CN104615800B - The design method and its transmission device of alternating axis non-circular gear - Google Patents

Abstract

A design method of non-circular gears with crossed axes and its transmission device. According to the principle of space meshing and the method of relative motion, the design method of non-circular gears with crossed shafts is obtained. The method is simple and practical. The frame of the staggered shaft non-circular gear transmission device is equipped with an input shaft and an output shaft vertically staggered in space. The input shaft and the output shaft are respectively fixed with an input staggered shaft non-circular gear and an output staggered shaft non-circular gear through key grooves. The input staggered Shaft non-circular gears and output staggered shaft non-circular gears mesh with each other. Only one stage of non-circular gear transmission is used, that is, the variable speed ratio transmission between the spatially interleaved shafts is realized, and it has the characteristics of simple structure, high transmission efficiency, and good support rigidity.

Description

Design method and transmission device of non-circular gears with crossed axes

technical field

The invention relates to a gear design method and a mechanical transmission device, in particular to a design method for a non-circular gear with crossed axes and a transmission device thereof.

Background technique

The internal and external meshing non-circular gear transmission can transmit the speed ratio movement between parallel shafts, and the non-conical gear can transmit the speed ratio movement between intersecting shafts. If it is necessary to transmit the variable speed ratio movement of the spatially interleaved shafts, the above two must be combined to form a two-stage transmission, which has a long transmission chain, a complex structure, and low efficiency.

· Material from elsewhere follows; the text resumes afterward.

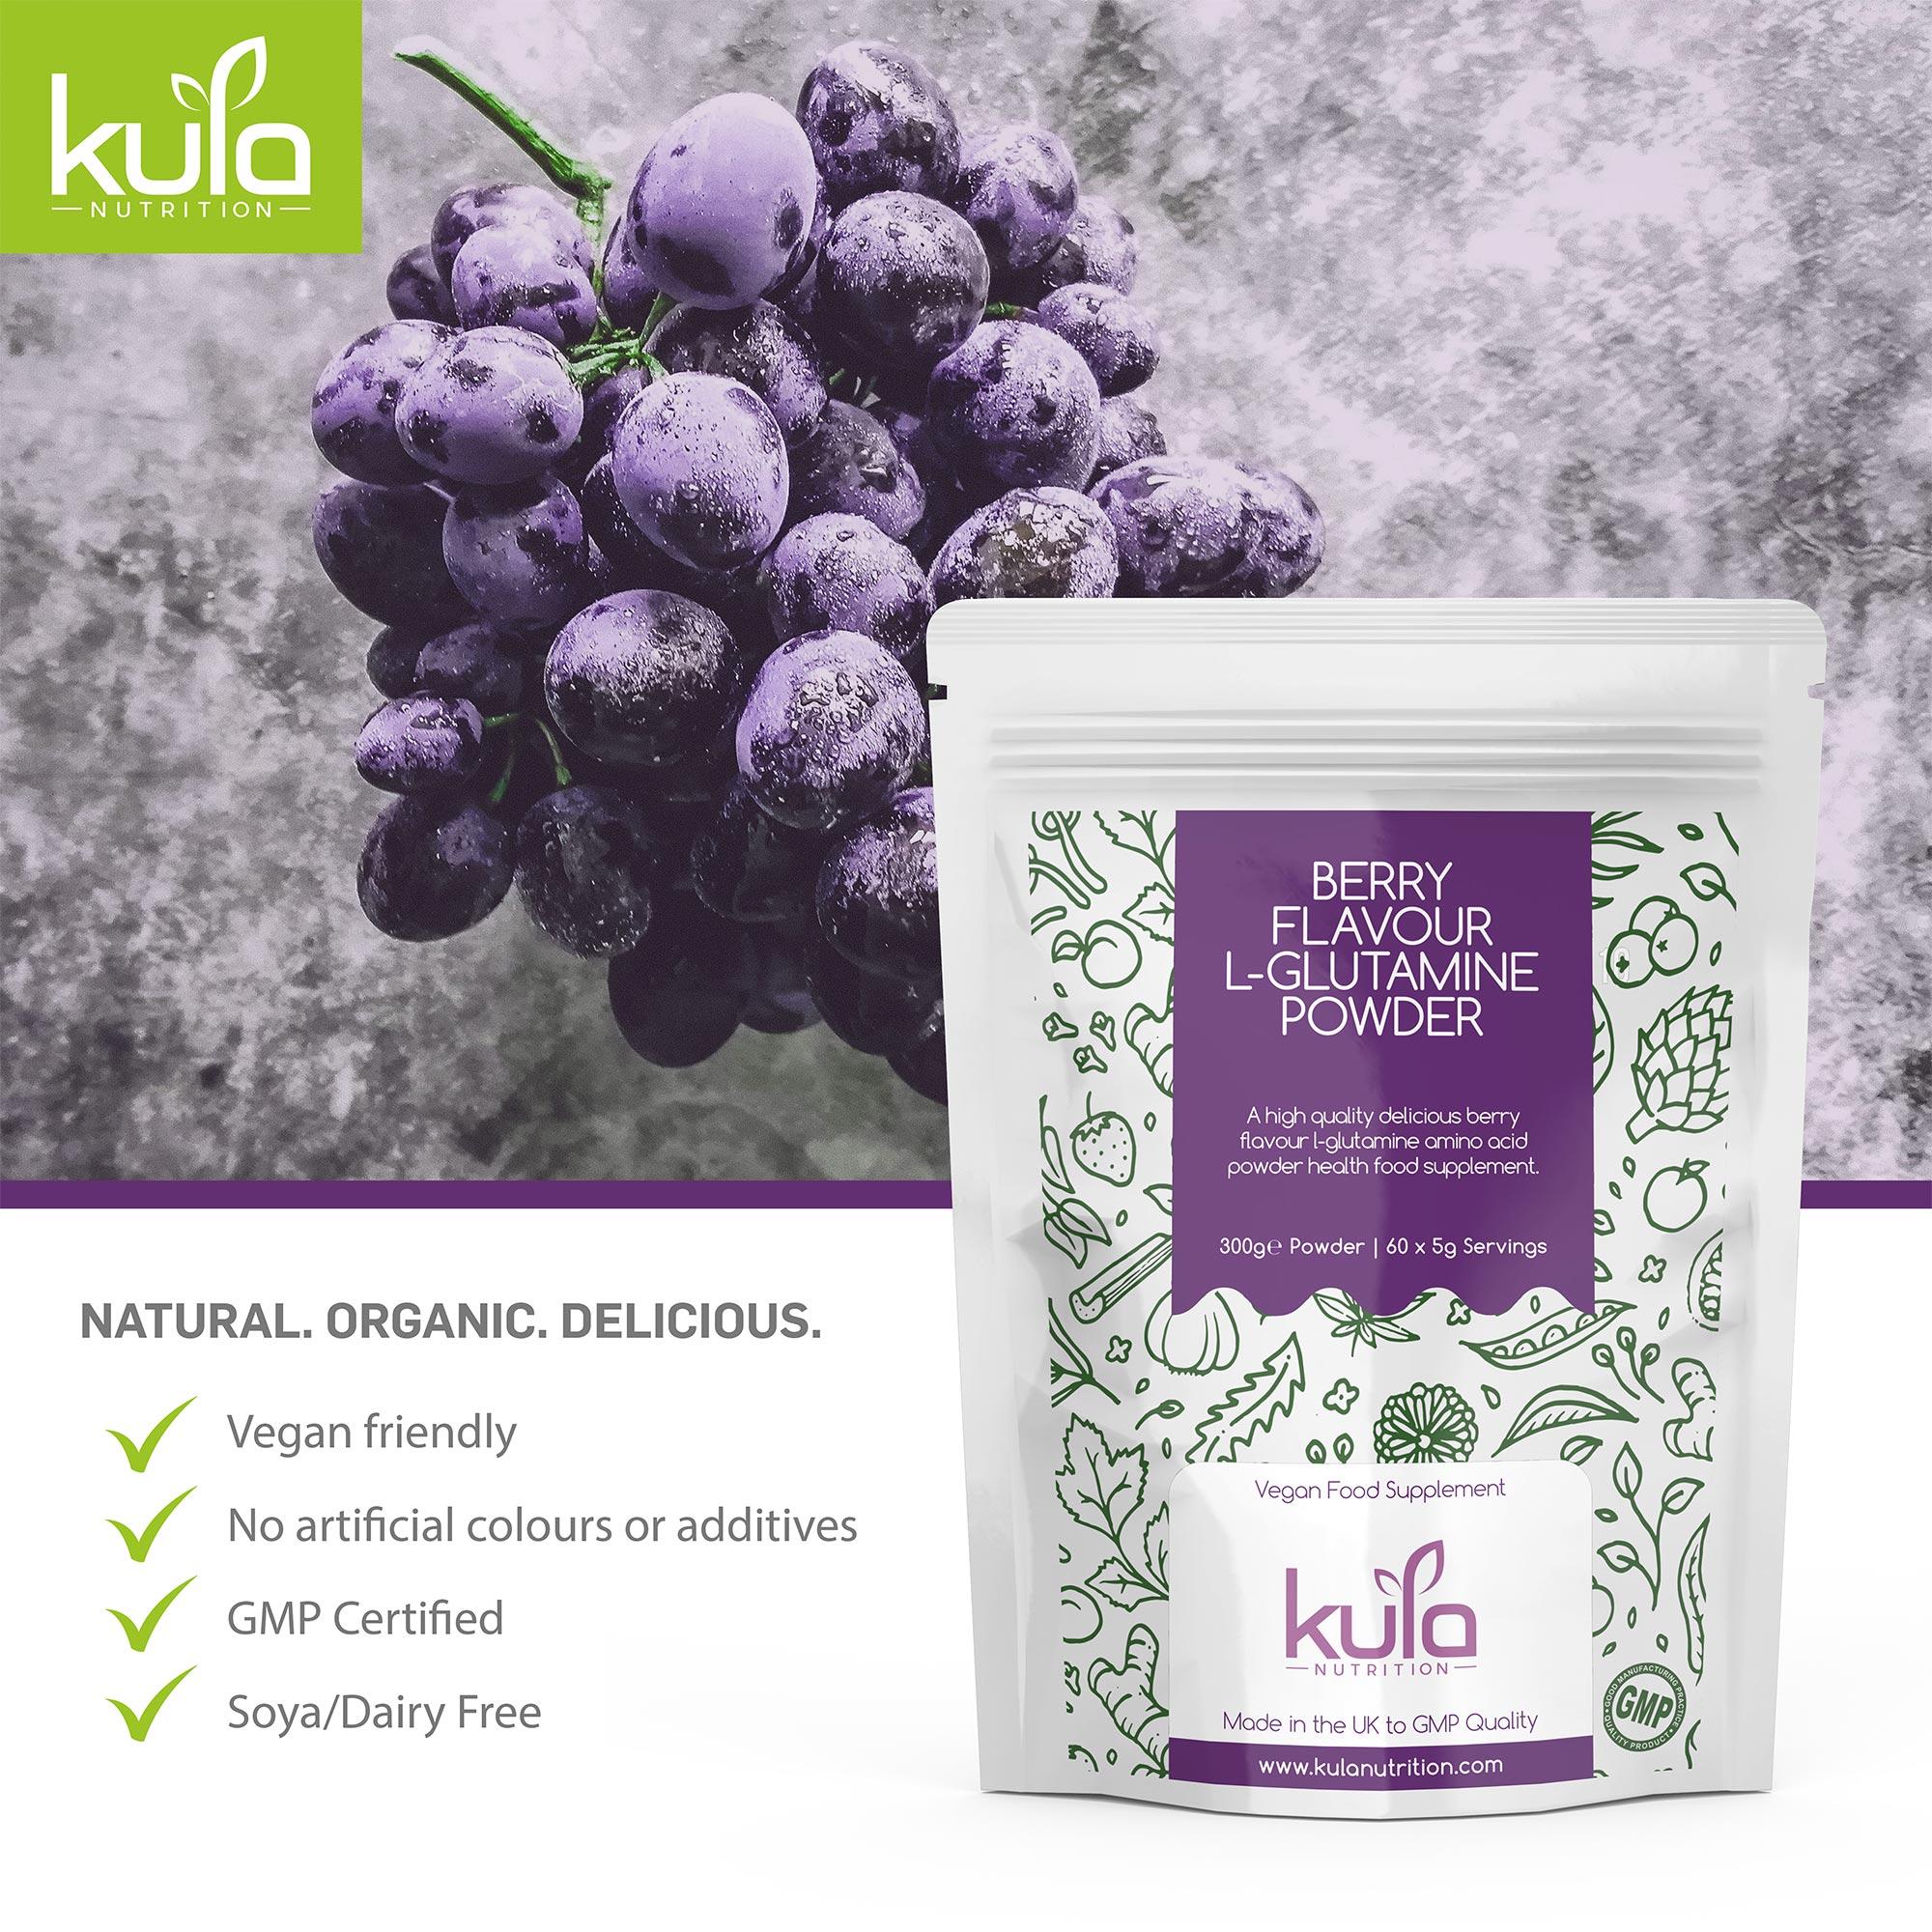 Berry Flavour L-Glutamine Powder Concept 6

At the same time, because the axes of the non-conical gears intersect, the general gears should be installed in a cantilever structure. During high-speed movement, the gear shaft is not rigid enough, and the deflection is large, which seriously affects the meshing of the tooth surfaces, resulting in shock and vibration. Vibration, affecting high-speed dynamic performance.

Staggered axis non-circular gear transmission and its design principle can be derived from the basic definition of space meshing, but due to the considerable complexity of its mathematical model, its instantaneous axis surface is a space non-developable surface, and the helix angle of the occurrence surface of its tooth profile presents Very large non-linear, enveloped tools are difficult to build.

Contents of the invention

The object of the present invention is to provide a design method of a non-circular gear with crossed shafts, which has the characteristics of simple structure, high transmission efficiency and good support rigidity.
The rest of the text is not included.